At the end of 1824, having heard that a London banker, named Stevenson, was desirous of fighting a borough upon Whig principles, he wrote to him in the name of Nicholas Burt, the leader of the anti-Percy section, telling him there was a good chance at Newport. Acting upon the implied invitation, Stevenson sent to the borough an agent, who called on Nicholas Burt. The letter was immediately shown to be a forgery but despite this, Burt began negotiations with the banker, and, when Parliament was dissolved in 1826, Stevenson intimated to him that he should at once leave London for Newport, and appointed Lifton Down as the spot where he would like to be met by his supporters.

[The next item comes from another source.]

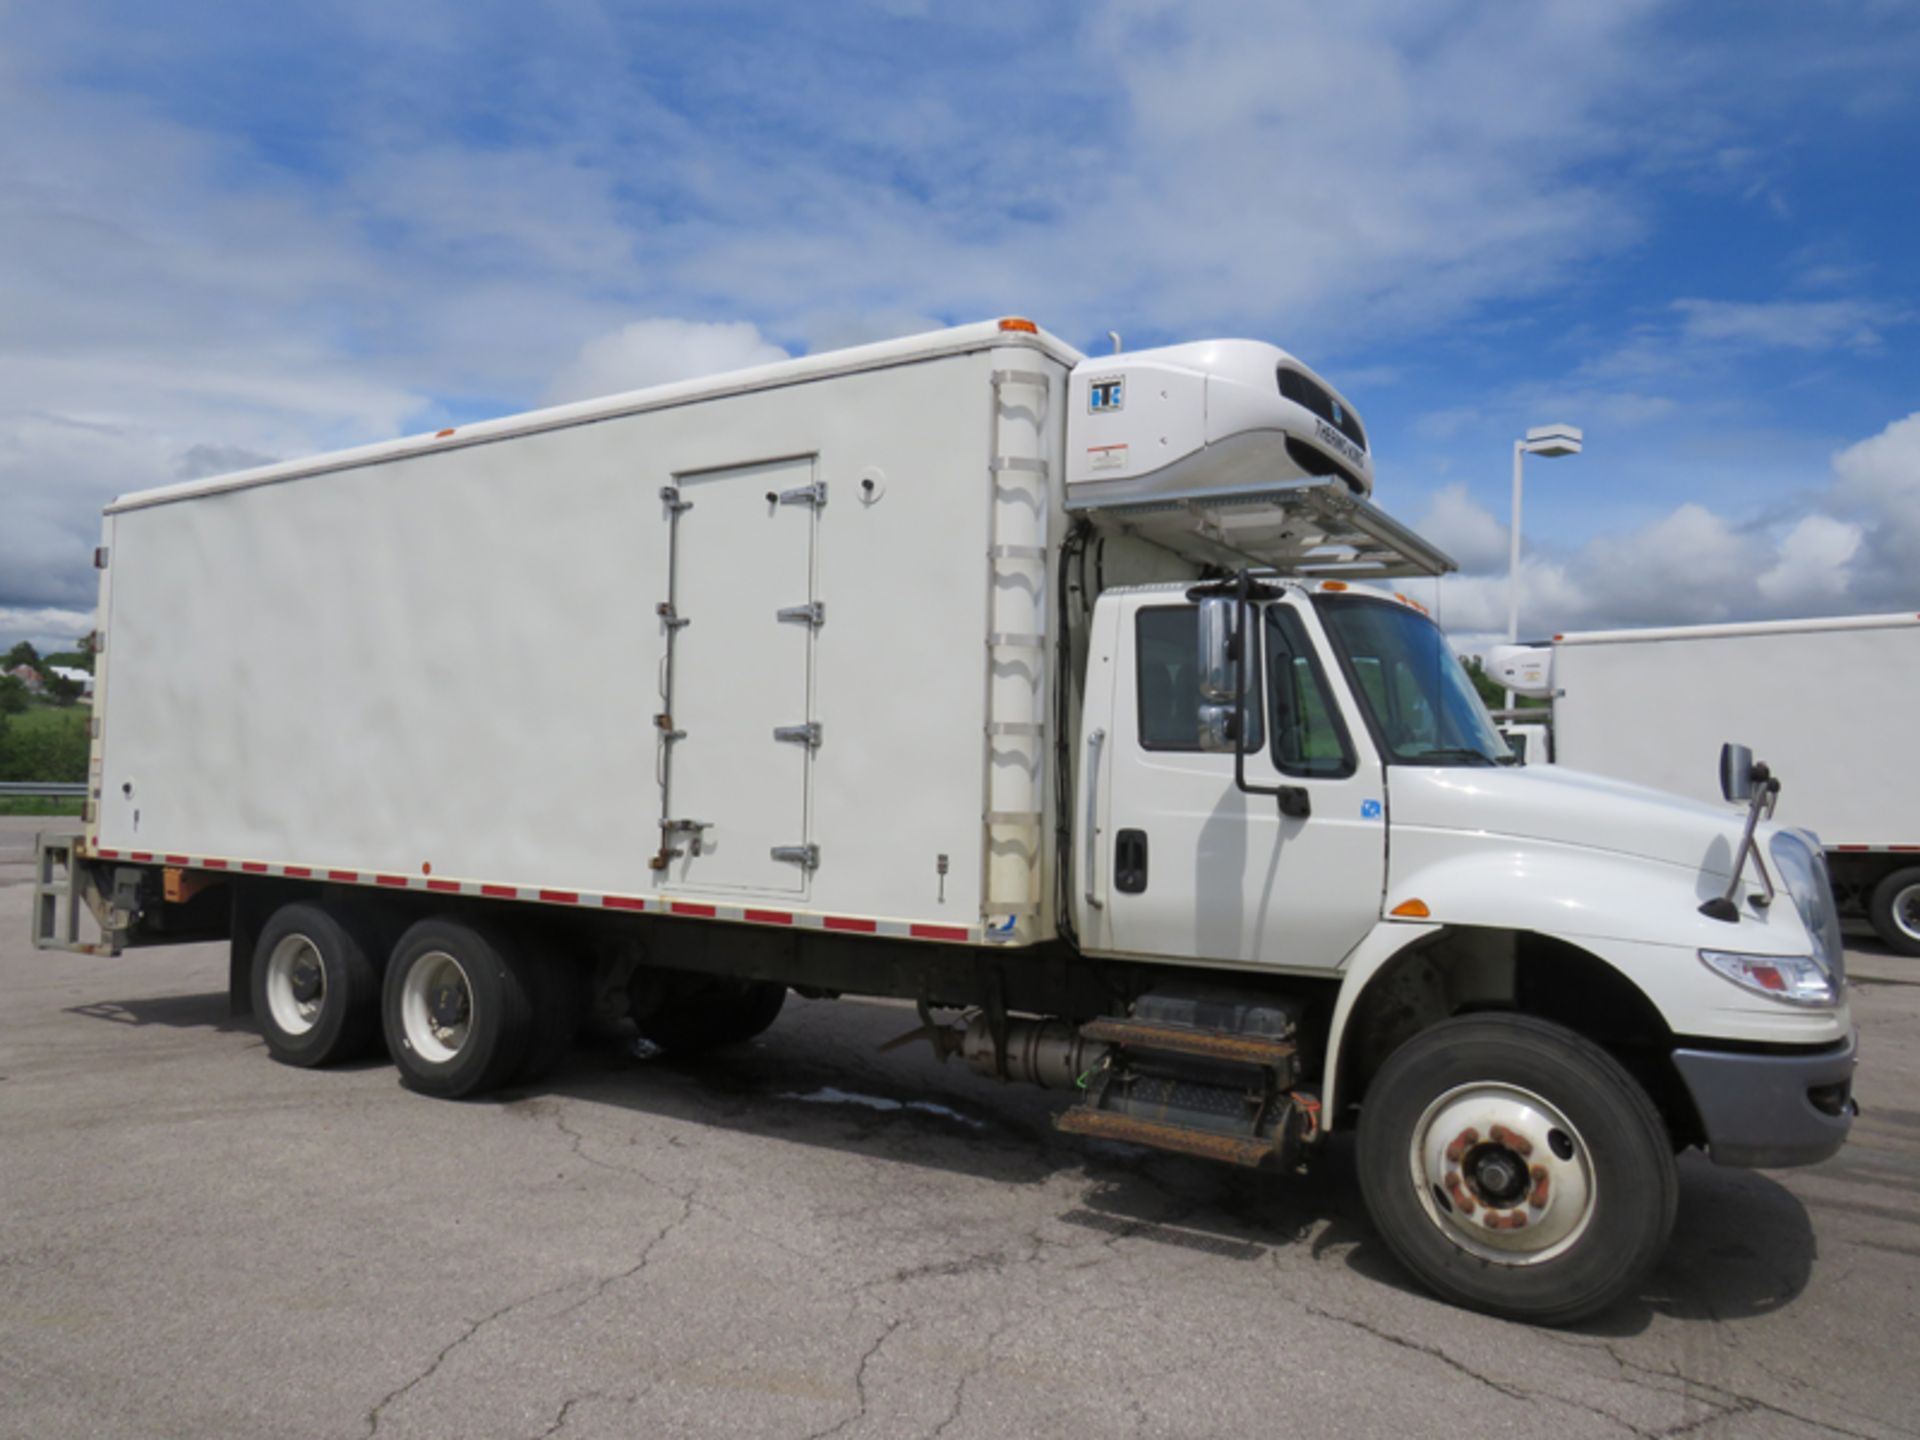 2018 INTERNATIONAL 4400 SBA 6X4 REFRIGERATED BOX TRUCK VIN#: 1HTMSTAR8JH529714, Approx Miles: 43606, - Image 3 of 9
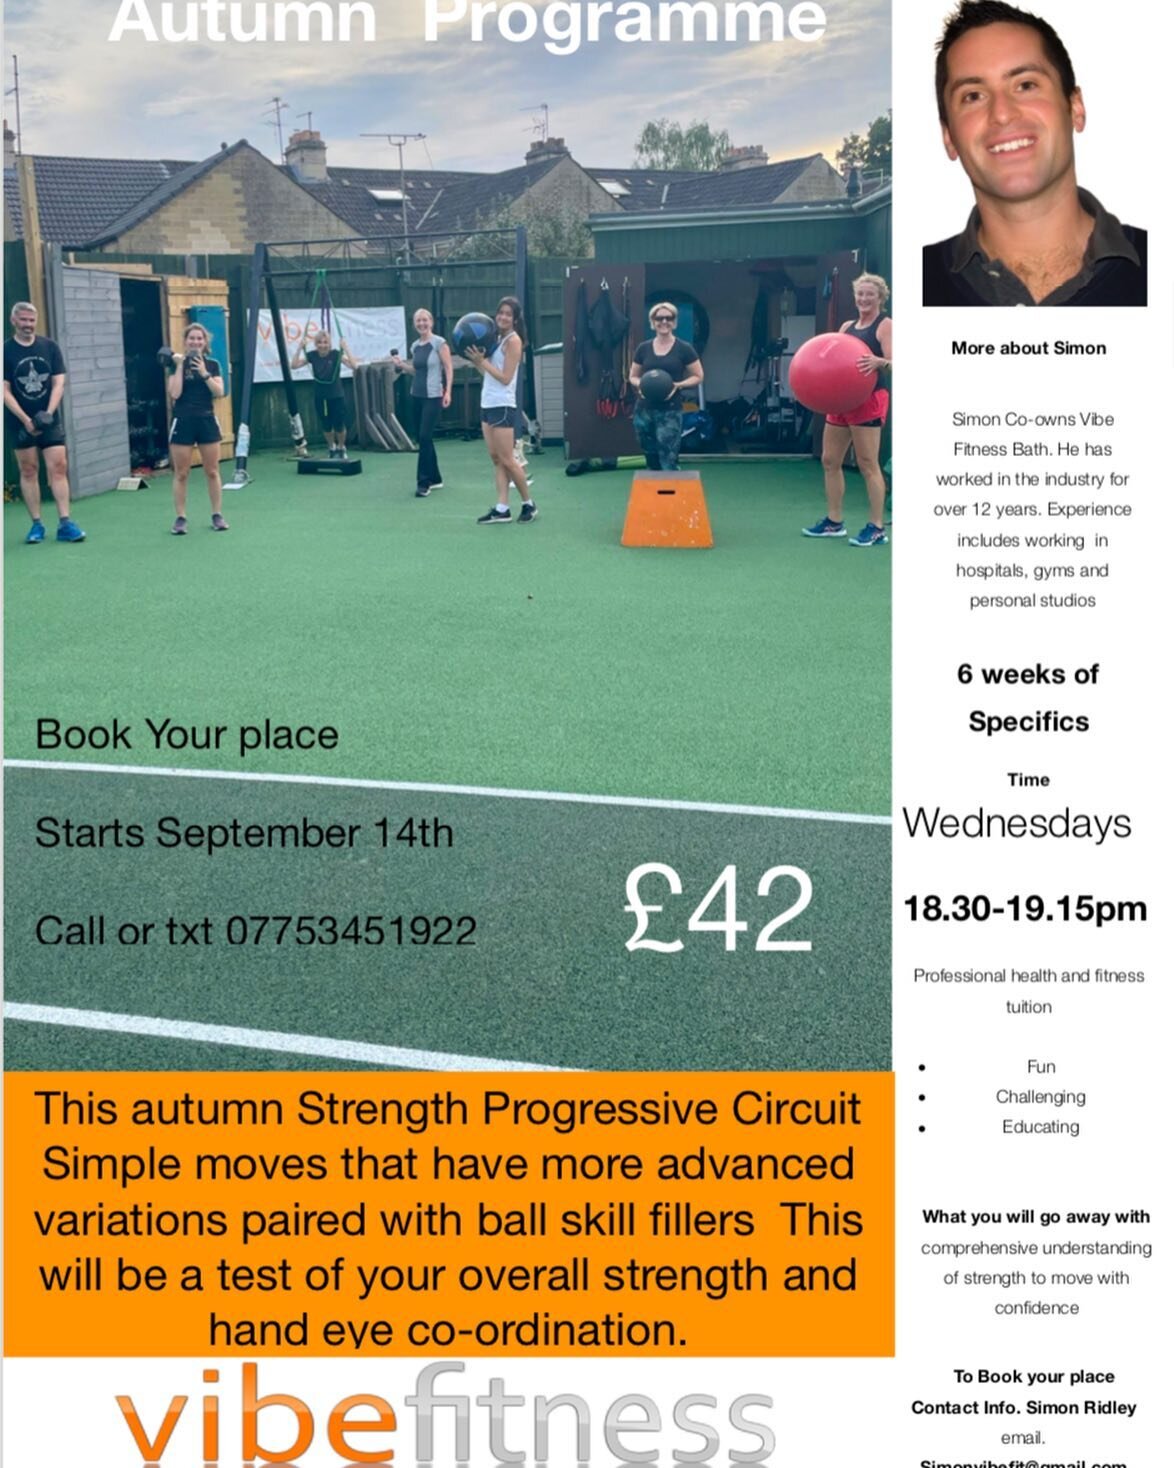 Outdoor Fitness course starting 14th September. If you are Looking to improve your overall strength and stay active. I believe I&rsquo;ve set up a unique space in a friendly community club  Bath Tennis Club with lots of kit at our disposal for great

A procession of men on horseback, to the number of thirty or forty, was subsequently formed at Newport and accompanied by hundreds of pedestrians, all wearing laurel leaves and shouting “Stevenson for ever,” with Nicholas Burt and Vaughan Ridgman at the head, marched through Launceston to Lifton Down, where, while waiting outside the local inn, beer was freely given to the horses to drink. In about half-an-hour, and amid loud cheers, a carraige-and-four drove up with Stevenson aboard and the procession then headed back to Newport. Nicholas Burt, who was a currier, had cleared out his drying loft which stood upon the site of the Newport round house, and there Stevenson addressed the electors, who, in the fashion of the time, were afterwards regaled with several hogsheads of beer, inhabitants of St. Thomas and St. Stephens hastening to the spot with pitchers so that they might share in the feast. On the following day another procession was formed under Burt’s directions in Newport Square, and this, consisting of representitive’s of all ages and both sexes – the men leading, followed by the youths, and then by women and children – wended its way at great length up St. Thomas Hill, and through the Northgate to the King’s Arms, where Stevenson and his friends were dining, and from the windows of which was thrown, in order to amuse the crowd, a quantity of silver and copper coin, previously raised nearly to red heat in a frying-pan. One of Stevenson’s most ardent supporters was Thomas John Phillips (grand-nephew of Sir Jonathan Phillips and who had opposed the Duke some eight years previous) whose hospitality at Newport House was unbounded throughout the contest, and at Brimble Park, a portion of his property, a fete was held to keep up the excitement. Beer was again distributed in plenty, prizes were offered for cricketing, running, grinning through a horse-collar, eating penny loaves and treacle, races between women for dresses, and other amusements. However, when the poll was cast, Stevenson’s supporters had melted away and he was overwhelmingly defeated in what was to be the last ever elections held for Newport, and the Duke’s nominee’s of Raine and Percy were duly re-elected. It may have been this result that persuaded Thomas Phillips to sell his property at Newport to the Duke of Northumberland, who for that moment was now more than ever master of the borough.
It has to be stated that the Duke of Northumberland at this time was subscribing a considerable amount of money to the borough, and during the six years between 1825 and 1831, he contributed a total of £5,233 to various schemes, including the Dunheved Green storage reservoir. It is more than likely that this was the deciding factor in the result no doubt with a few strained consciences.